Scenario: Handling skewed data in a join operation.
# Skewed data
data1 = [(1, "A"), (1, "B"), (1, "C"), (2, "D"), (3, "E")]
data2 = [(1, "X"), (2, "Y"), (3, "Z")]
df1 = spark.createDataFrame(data1, ["id", "value"])
df2 = spark.createDataFrame(data2, ["id", "value"])
# Enable skew join handling
spark.conf.set("spark.sql.adaptive.skewJoin.enabled", "true")
# Perform a join, AQE will handle the skew
skewed_join_df = df1.join(df2, "id")
# Show the result
skewed_join_df.show()
# Check the query execution plan with AQE's skew join optimization
skewed_join_df.explain(True)
In this example:
- AQE detects that there are skewed partitions in the
df1
DataFrame (multiple entries withid = 1
) and automatically adjusts by splitting the skewed partitions into smaller tasks for more balanced processing.
AQE Query Plan Analysis #
When AQE is enabled, you can inspect the execution plan to see how it optimizes the query. For example:
- DynamicPartitionCoalescing: Coalesces shuffle partitions based on data size.
- BroadcastHashJoin: Switches to a broadcast join if a table is small enough.
- AdaptiveSparkPlan: Represents the entire query plan, with optimizations applied dynamically.
joined_df.explain(True)
Tuning AQE for Performance #
- Enable AQE: Ensure AQE is enabled in your Spark session.
spark.conf.set("spark.sql.adaptive.enabled", "true")
- Tune Partition Coalescing: Adjust the minimum number of shuffle partitions after coalescing.
spark.conf.set("spark.sql.adaptive.coalescePartitions.minPartitionNum", "2")
- Tune Join Strategy: Set a threshold for switching to broadcast joins.
spark.conf.set("spark.sql.autoBroadcastJoinThreshold", 10 * 1024 * 1024) # 10 MB
- Enable Skew Join Handling: Split skewed partitions to prevent performance degradation.
spark.conf.set("spark.sql.adaptive.skewJoin.enabled", "true")
Performance Benefits of AQE #
- Reduced Shuffling Overhead: Dynamic coalescing of shuffle partitions minimizes the overhead of small tasks.
- Optimized Join Strategies: Dynamically switching join strategies can drastically reduce query execution time, especially for joins with smaller tables.
- Handling Data Skew: AQE automatically adjusts for skewed data, balancing workloads across partitions and improving performance for skewed joins.
Conclusion #
Adaptive Query Execution is a game-changer for query optimization in PySpark.
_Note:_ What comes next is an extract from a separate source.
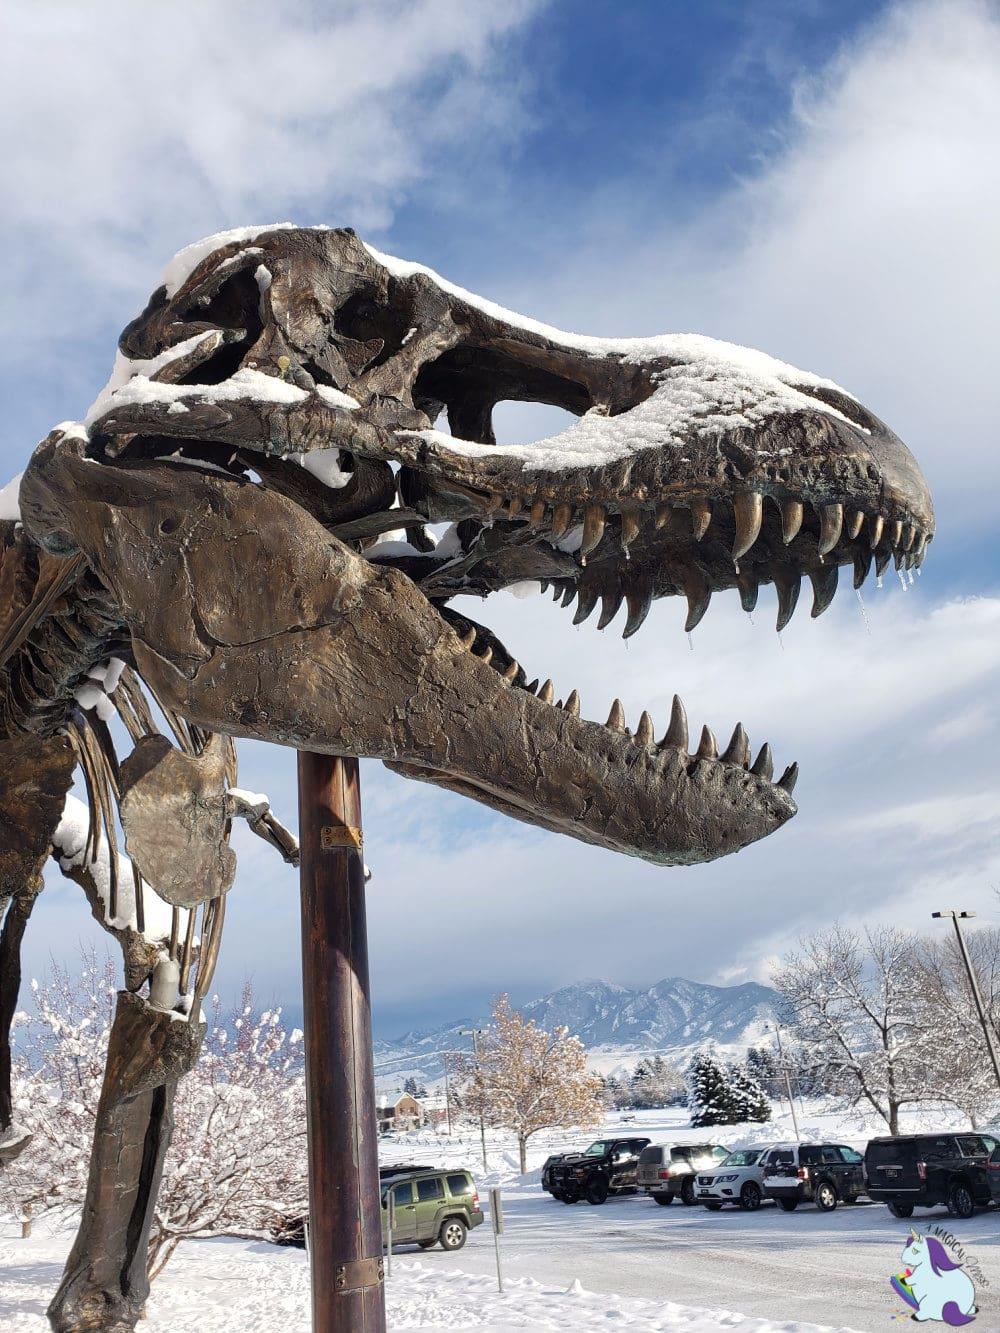 T Rex skeleton at Museum of the Rockies

By dynamically adjusting the execution plan based on runtime statistics, AQE significantly improves performance, especially for complex queries involving joins and large shuffles.
Key Takeaways: #
- Dynamic Partition Coalescing: Adjusts the number of partitions dynamically during shuffles, reducing overhead.
- Dynamic Join Strategy: AQE switches between join strategies (e.g., sort-merge join to broadcast join) based on data size.
- Skew Join Optimization: Handles data skew by splitting skewed partitions into smaller ones.
- Configuration: AQE is highly configurable and can be tuned for specific workloads, ensuring optimal performance for your queries.